However, I would make the point, and I have looked at all of the international approaches to this, that there is still huge variation. In New Zealand, for example, which is the highest ranked country in terms of judicial independence, the Attorney General selects all of the people to present to the Government of New Zealand for judicial appointments, and yet it is still ranked at the top internationally. However, there is a growing consensus about what constitutes best practice, which we want to capture. I am not suggesting that we have had anything other than an excellent Judiciary. It served us well before 1995 and I believe we have had an excellent Judiciary since then too. It is important for public confidence that there is an independent and professionally operated and overseen system for selection of judges, based on transparent criteria, upstream of the relevant decision of Government.

As such, we must move on and continue to protect the independence of the Judiciary and guarantee to the greatest extent we can that the quality of our judicial system is maintained in today's conditions and the ever-changing environment around accountability, governance and administrative efficiency.
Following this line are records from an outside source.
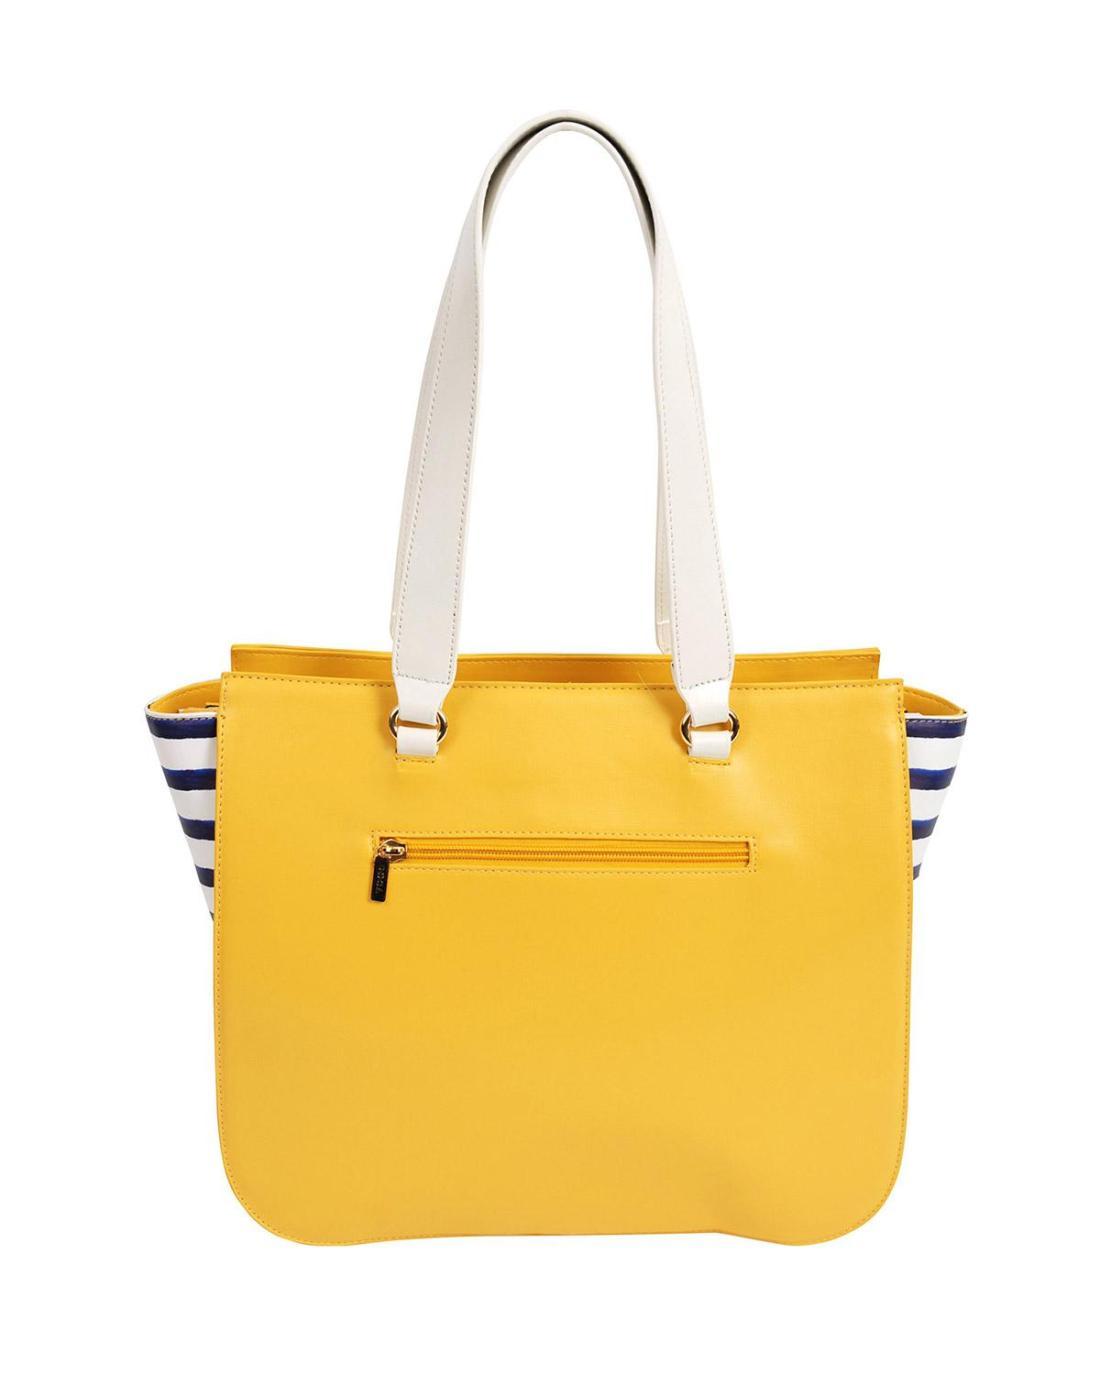 Handtasche gelb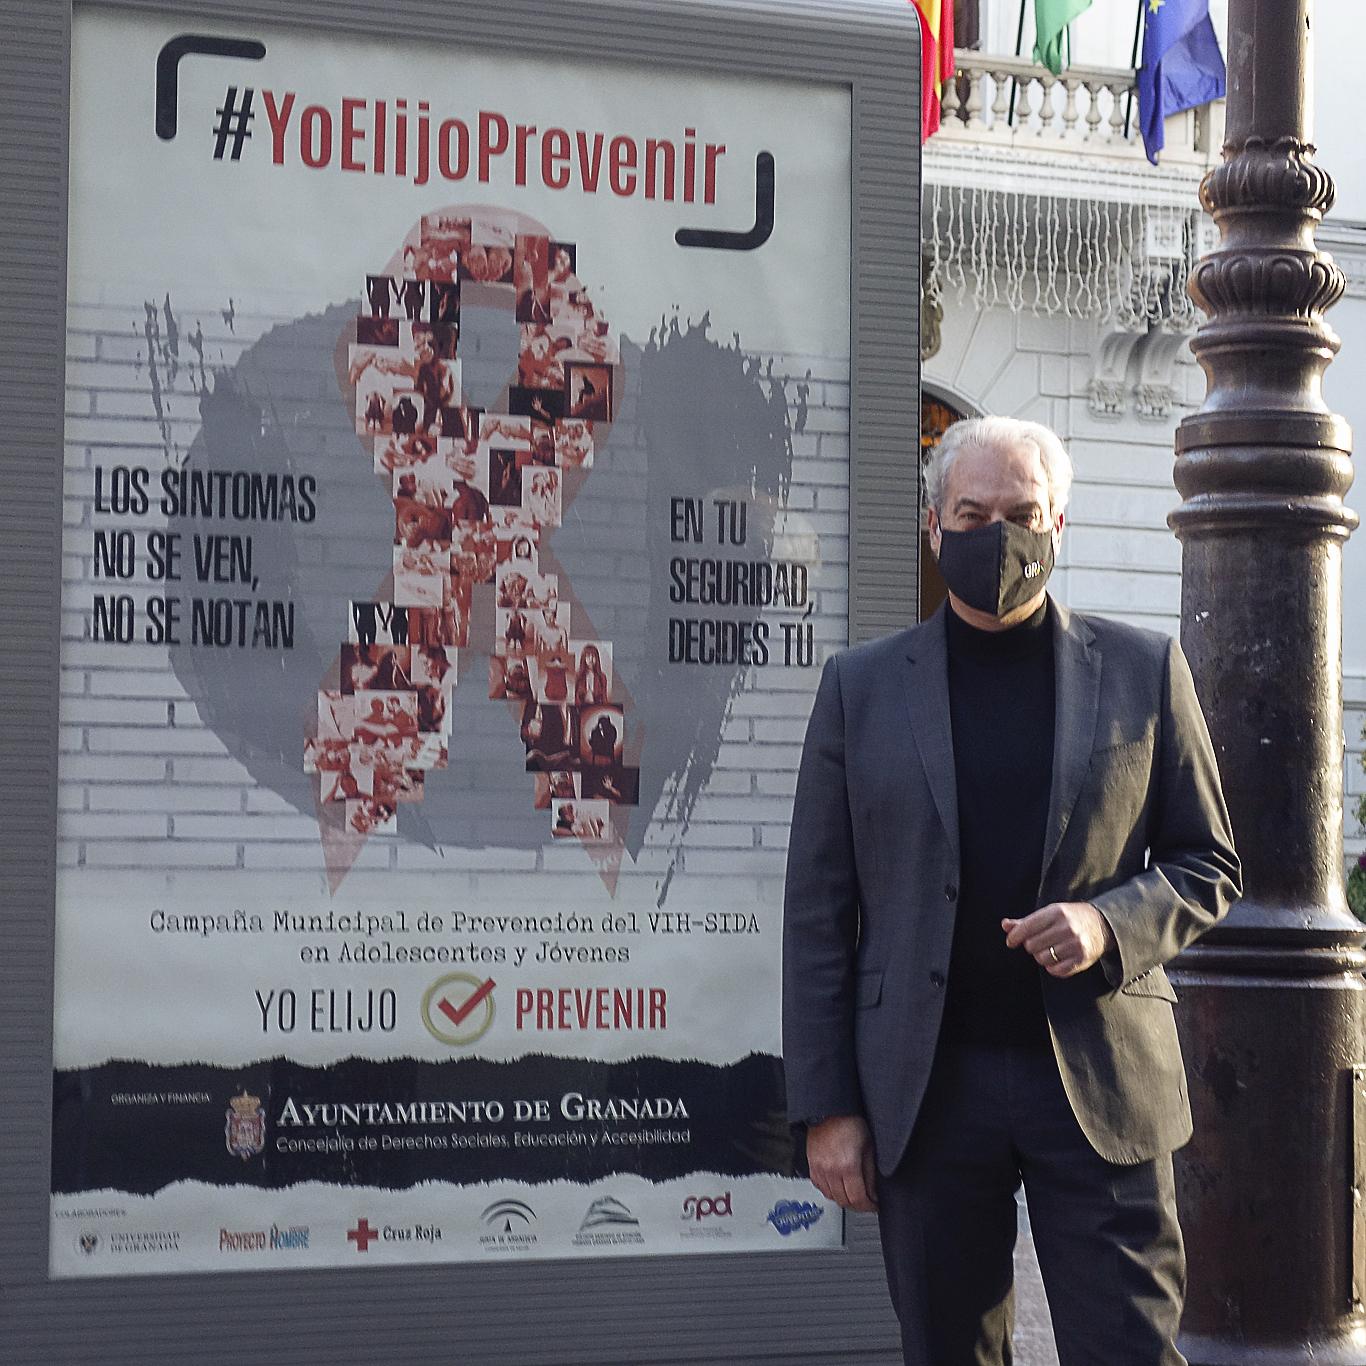 El Ayuntamiento apela a la prevención en la celebración del Día Mundial de la Lucha contra el Sida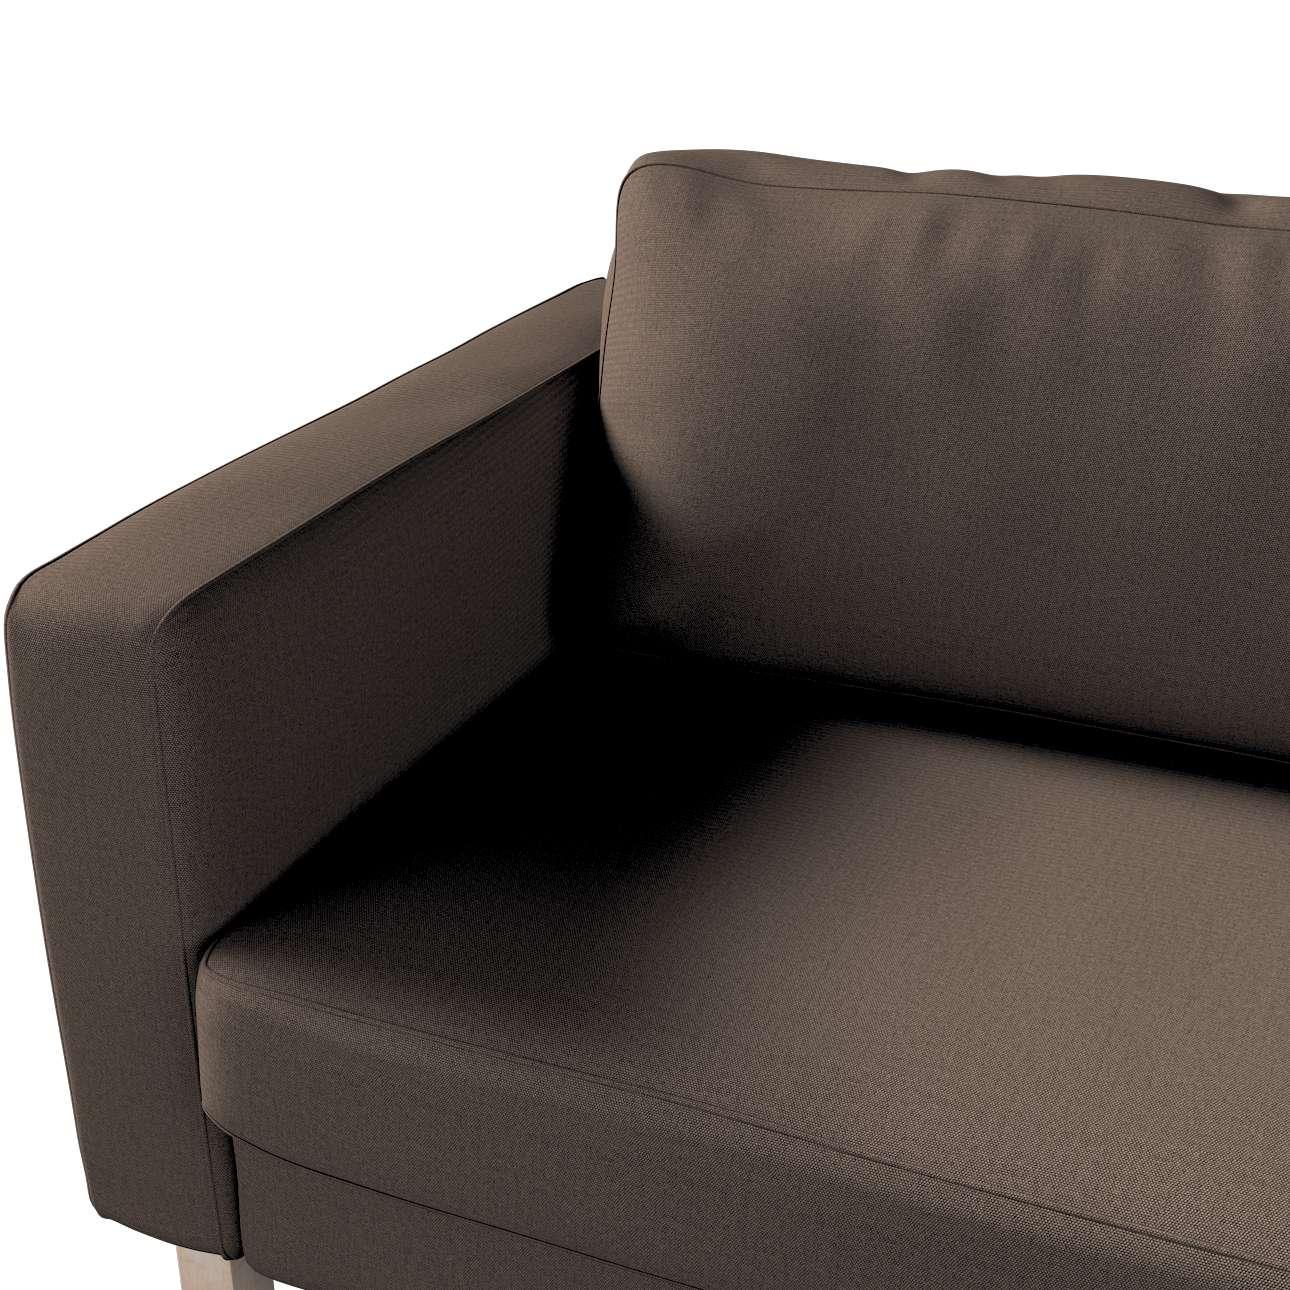 Pokrowiec na sofę Karlstad 3-osobową nierozkładaną, krótki w kolekcji Etna, tkanina: 705-08

When it comes to reform of the system, the important point is that the establishment or amendment of a judicial selection system through legislation is a matter for the Oireachtas alone. As long as what is proposed is constitutional and not retrospective, there can be no authority other than the Oireachtas as to what the new legislative arrangements may be. It is the prerogative of Government or, as we see today, any Member of the House to bring forward proposals to the Oireachtas for enactment. Judicial selection is not part of the judicial function. The judicial function is to apply the law, interpret the Constitution and defend it. The reason the Judiciary is involved in judicial selection is because the Oireachtas assigned it that role in legislation. In my view, no one could argue against the Judiciary having a major input into the judicial selection process because of the key skills, knowledge and experience of the judges. Nothing has changed constitutionally. In theory, the Oireachtas could repeal the Judicial Appointments Advisory Board and not replace it with anything. Of course, that is not a viable option but it illustrates the respective roles of the arms of State in the process and the choices we have in that matter.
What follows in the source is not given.